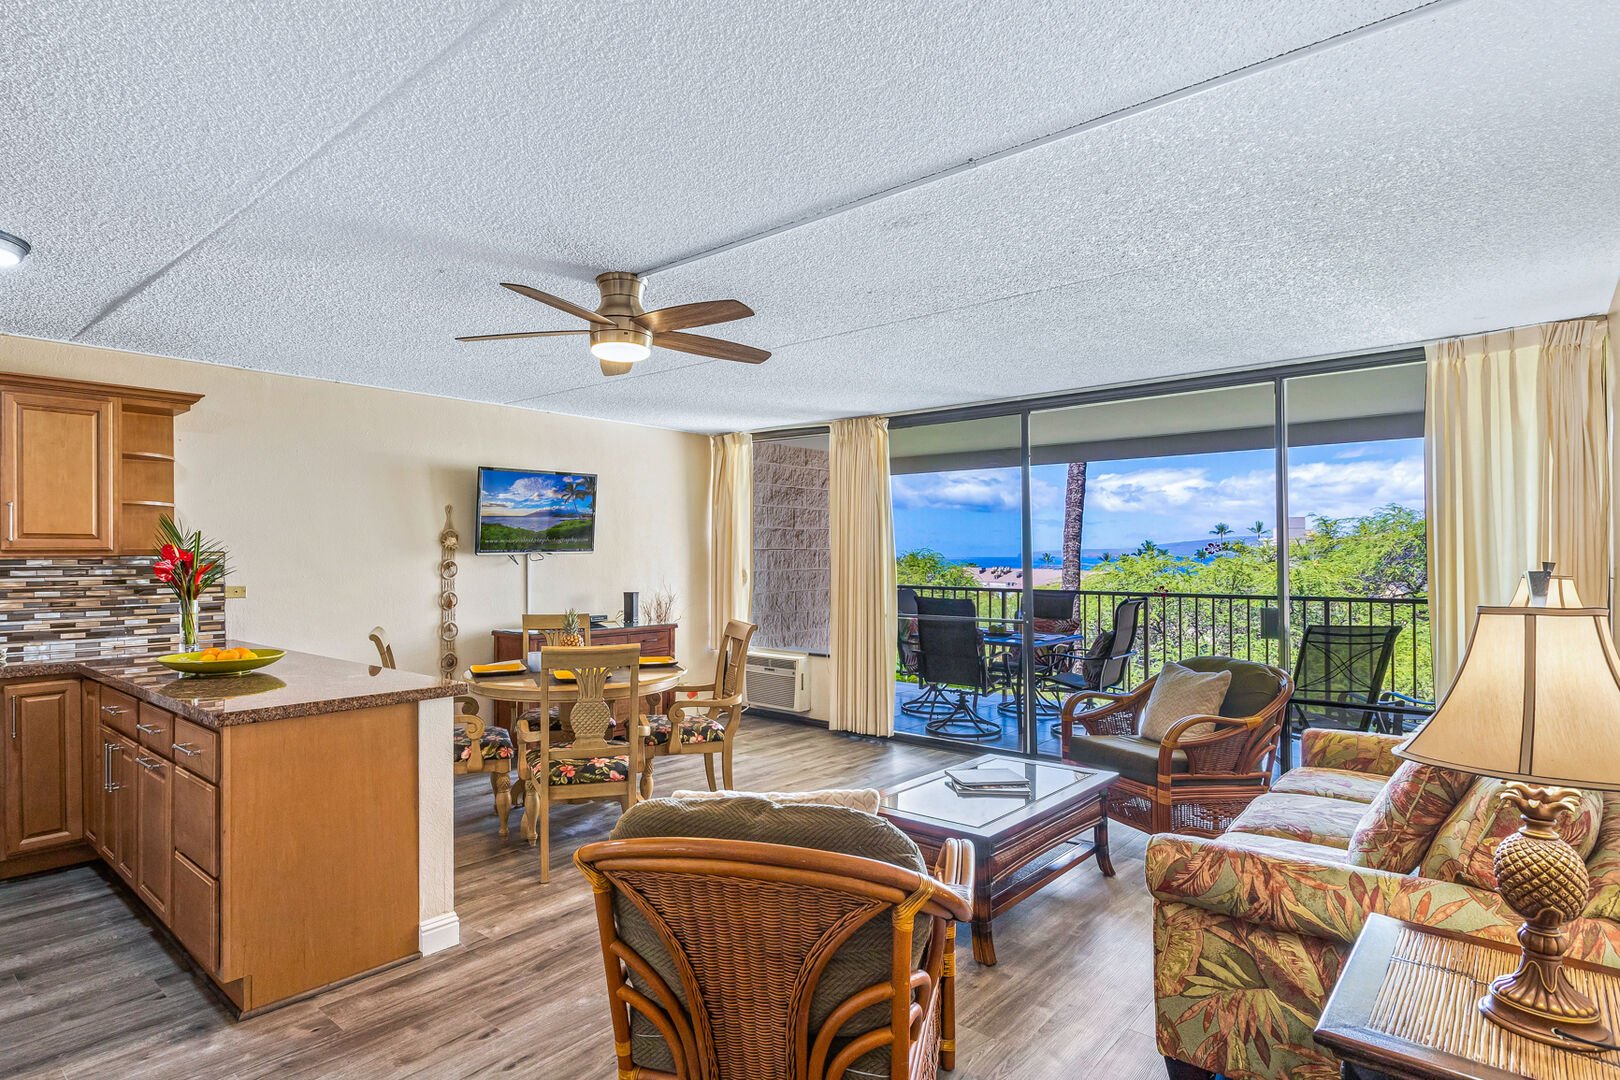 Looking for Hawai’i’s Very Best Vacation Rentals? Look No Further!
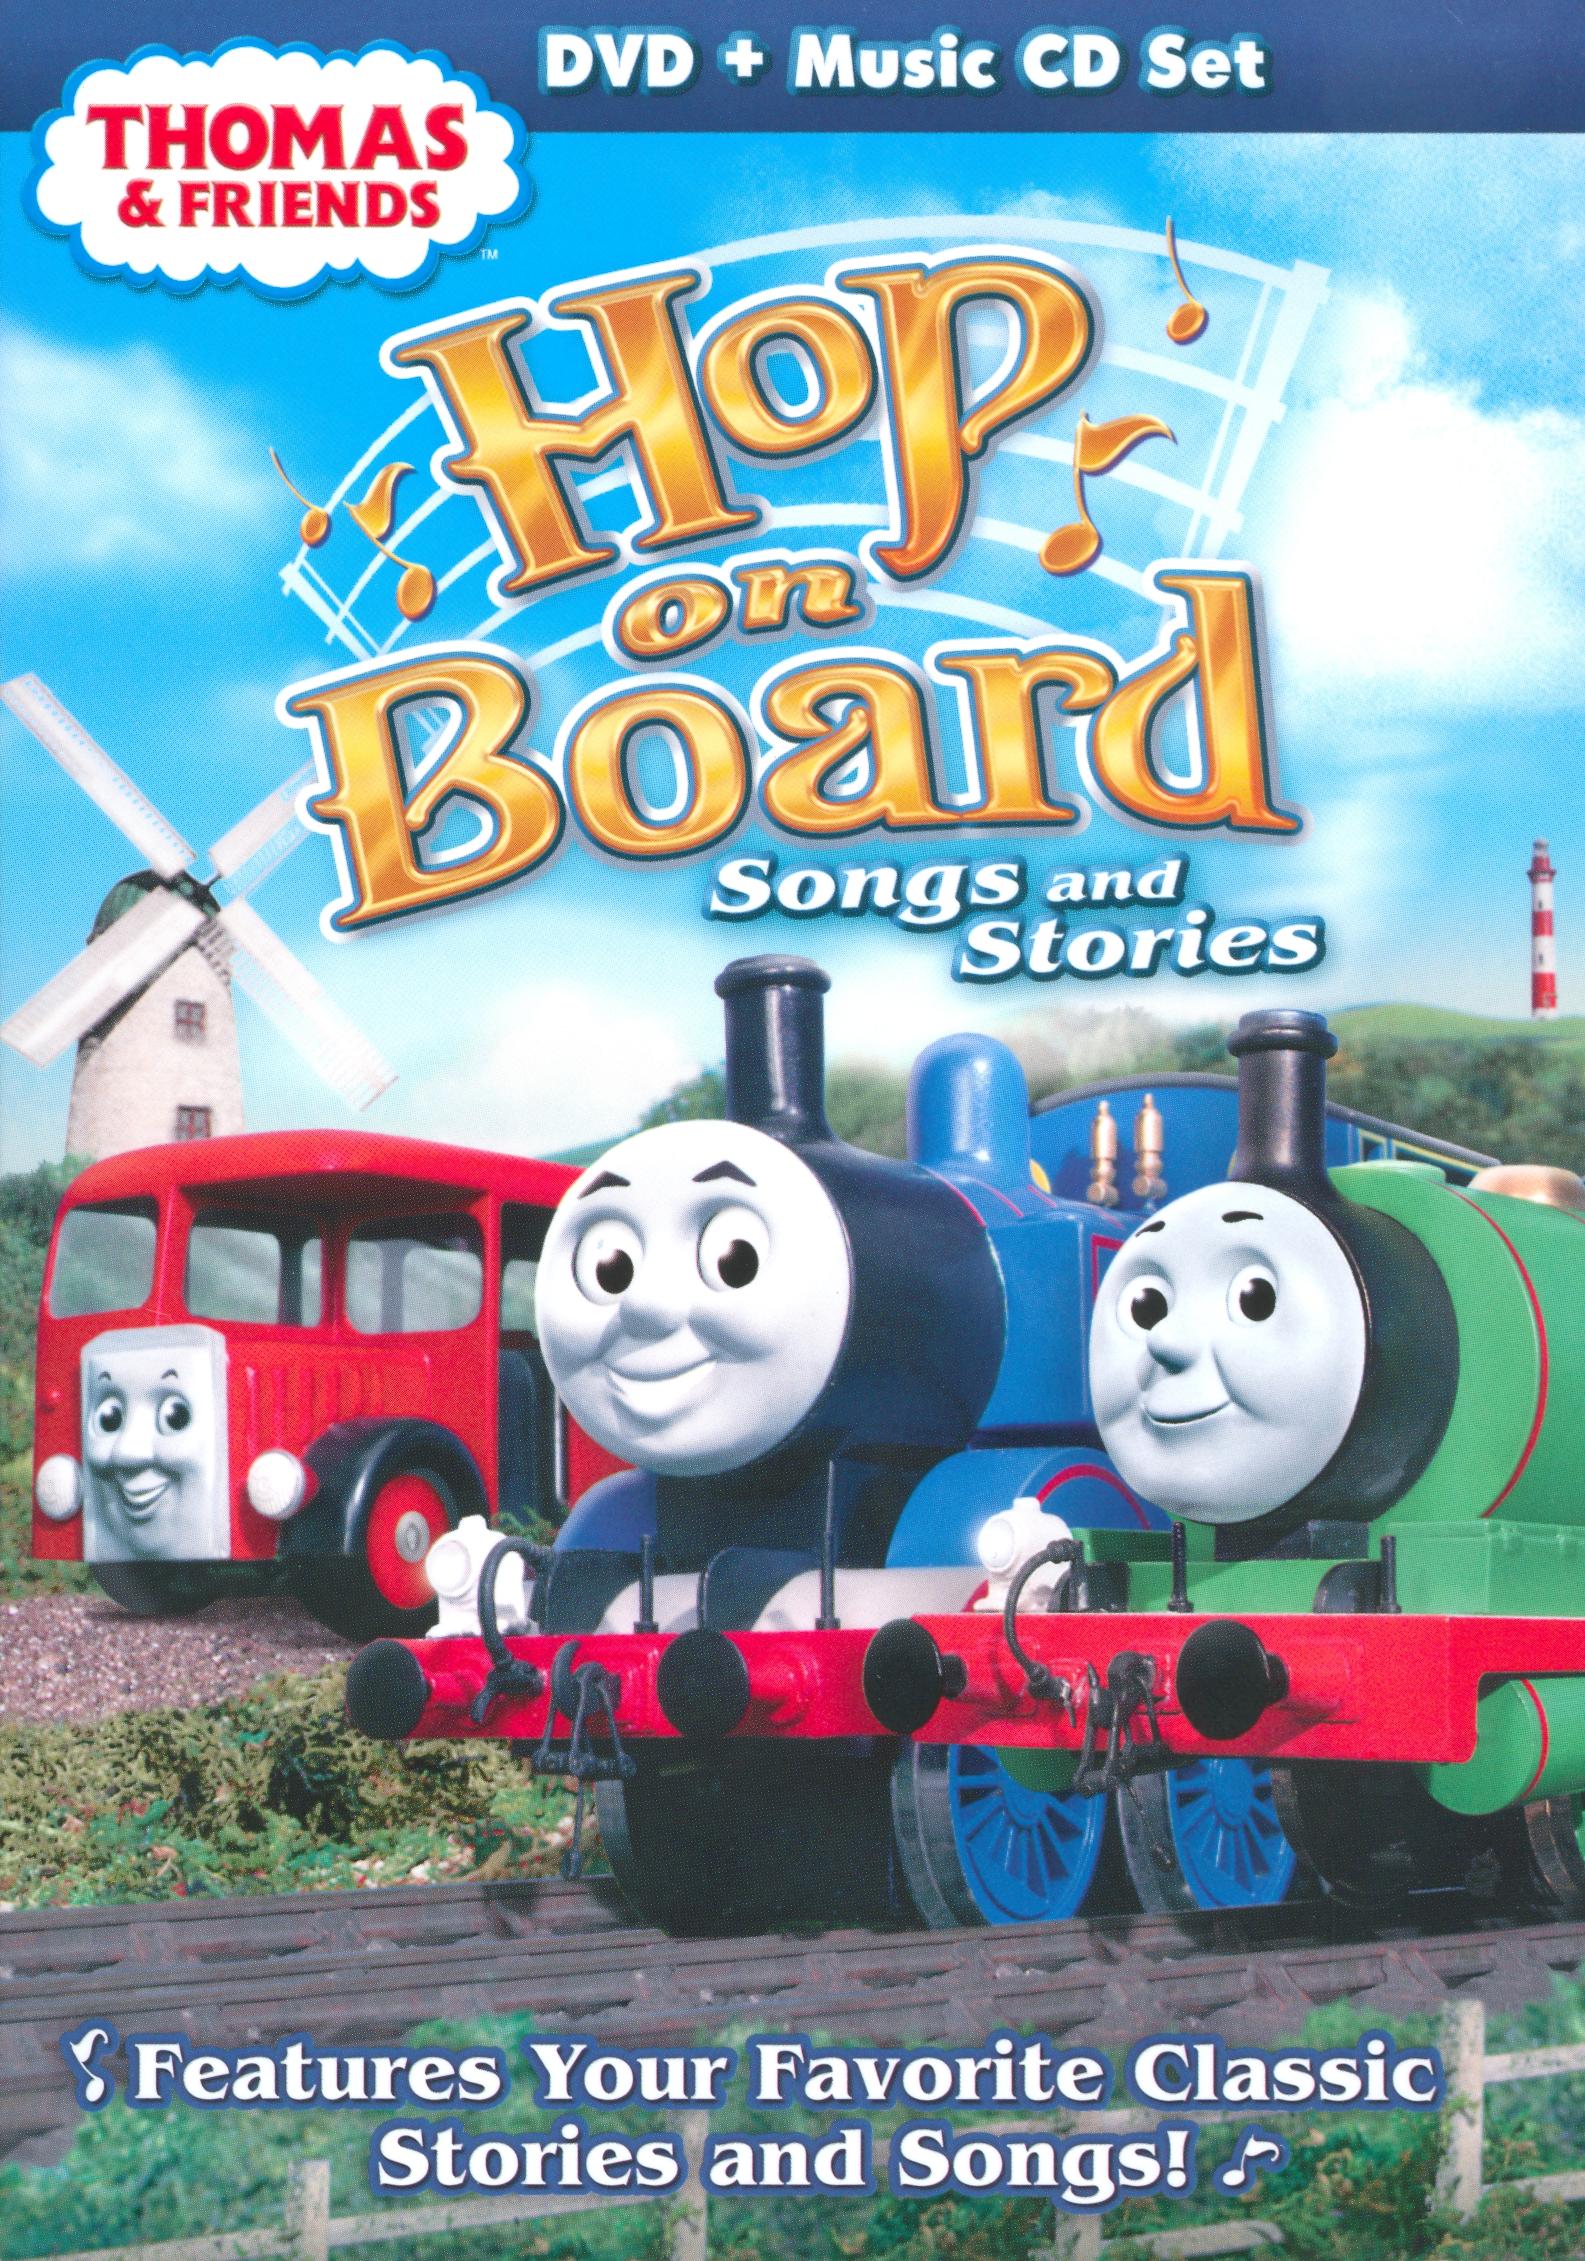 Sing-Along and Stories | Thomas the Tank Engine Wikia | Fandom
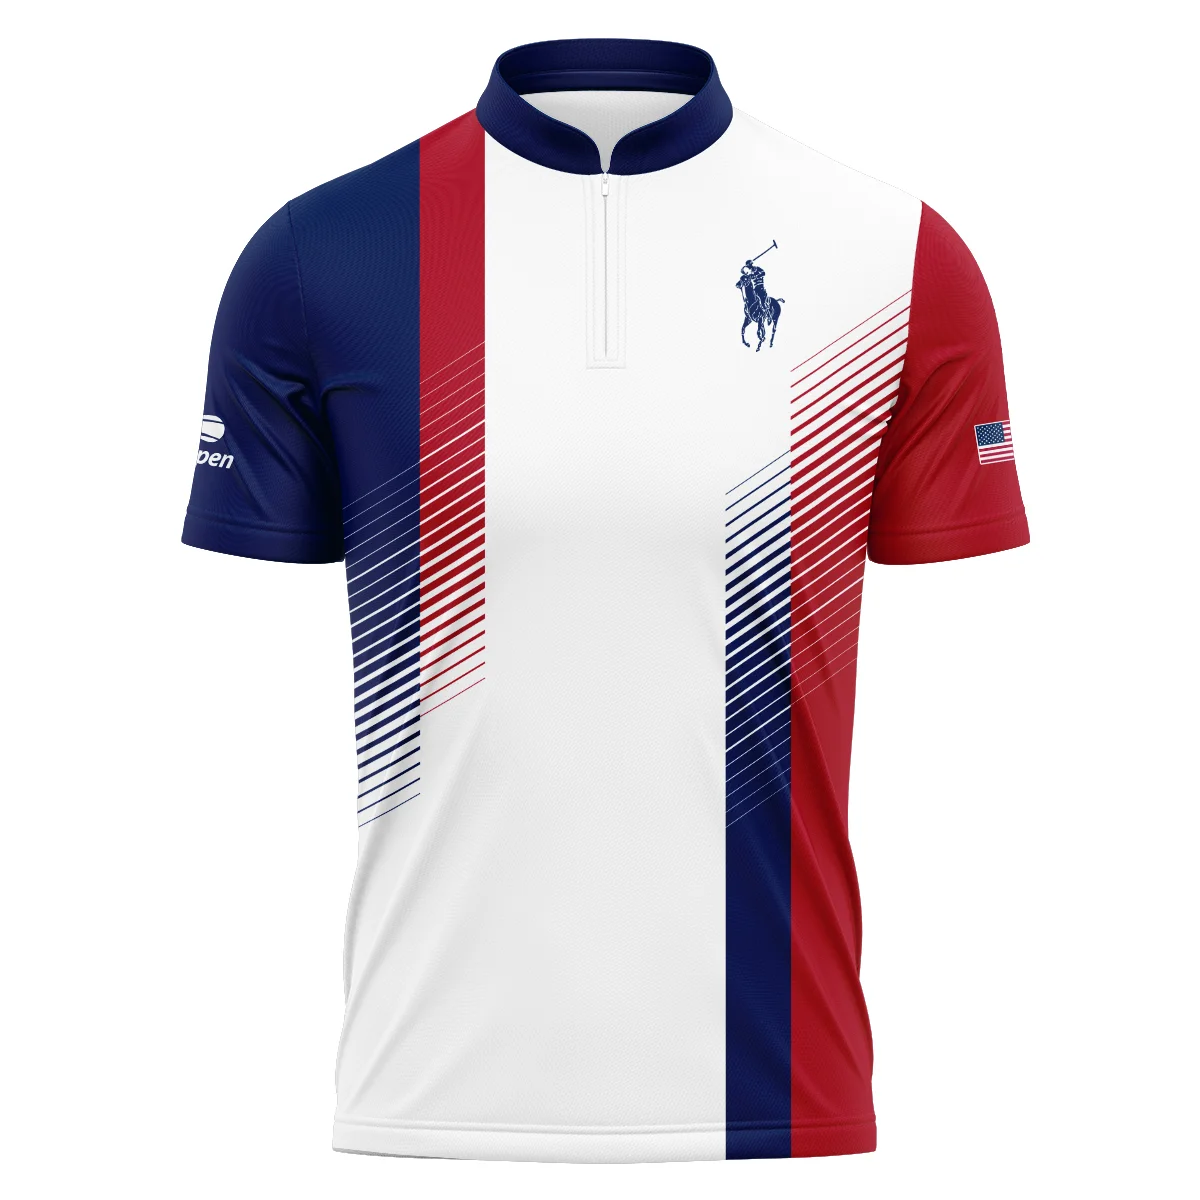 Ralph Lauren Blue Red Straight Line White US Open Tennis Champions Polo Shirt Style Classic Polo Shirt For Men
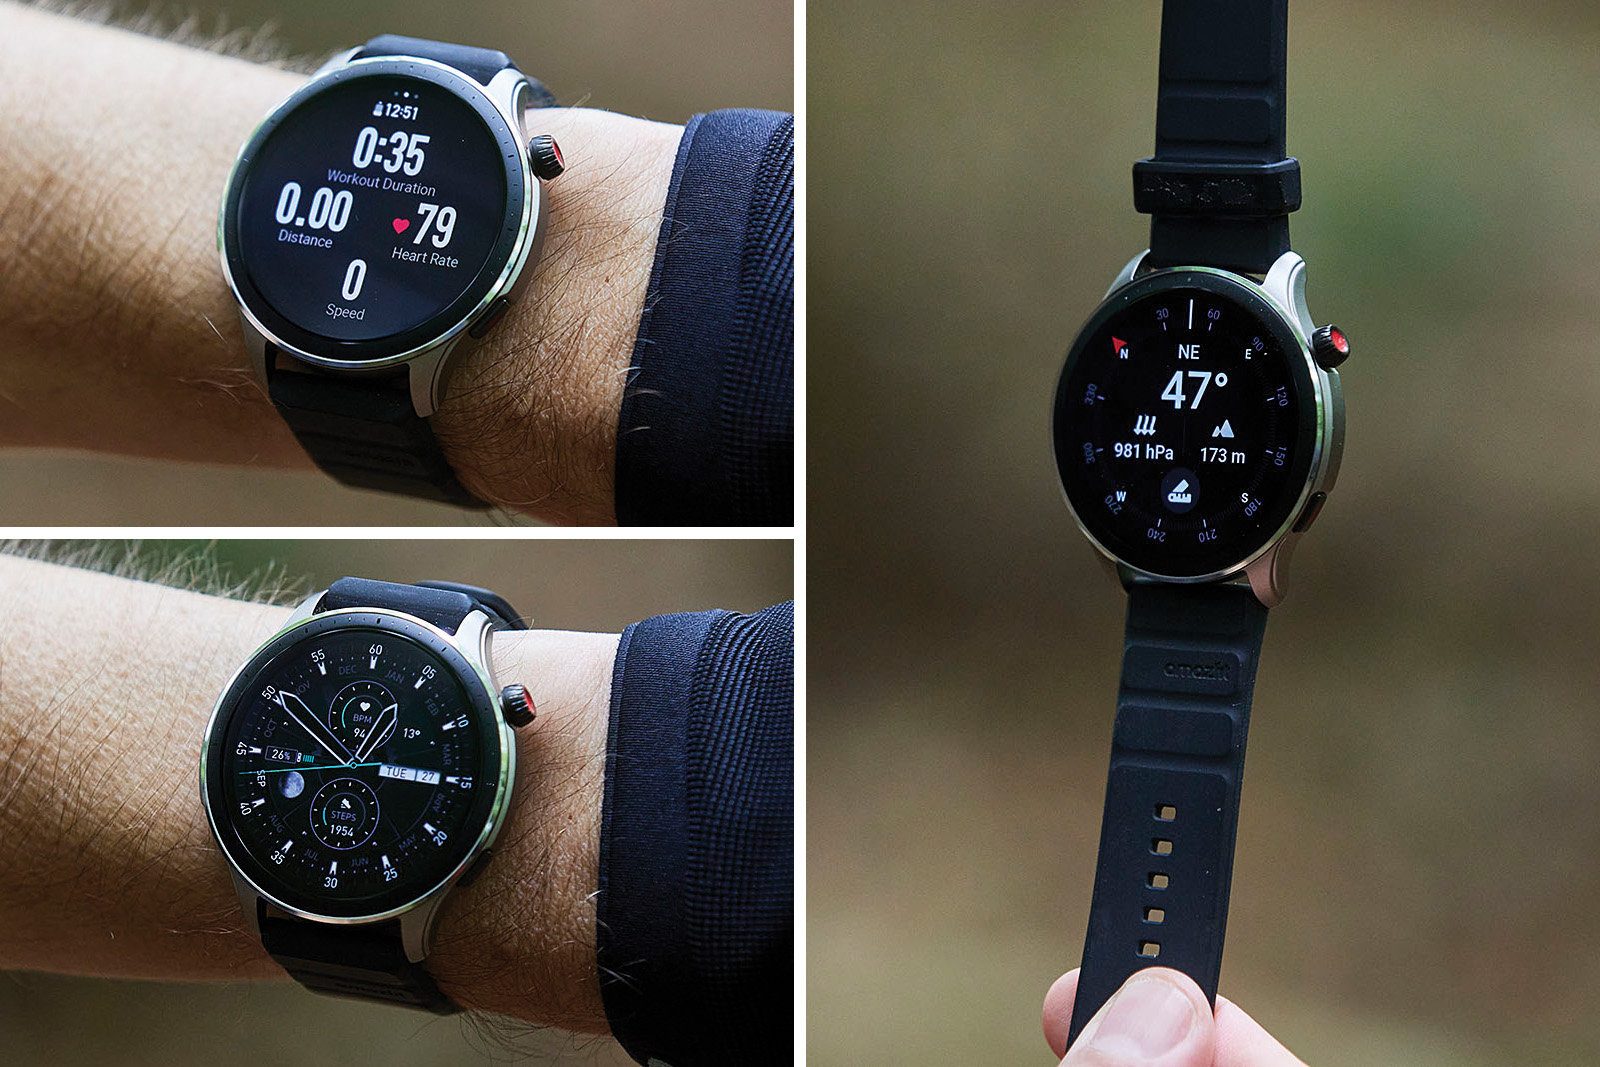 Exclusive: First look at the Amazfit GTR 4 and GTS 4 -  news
--- --- ---
[PROBLEM DETAILS] Repeat nothing but the lines from the one containing "Ralph Lauren Blue" through the last line of the listing, both included, exactly as written, and omit any picture.

[RESPONSE BOX]
 Ralph Lauren Blue Red Straight Line White US Open Tennis Champions Polo Shirt Style Classic Polo Shirt For Men
 Exclusive: First look at the Amazfit GTR 4 and GTS 4 -  news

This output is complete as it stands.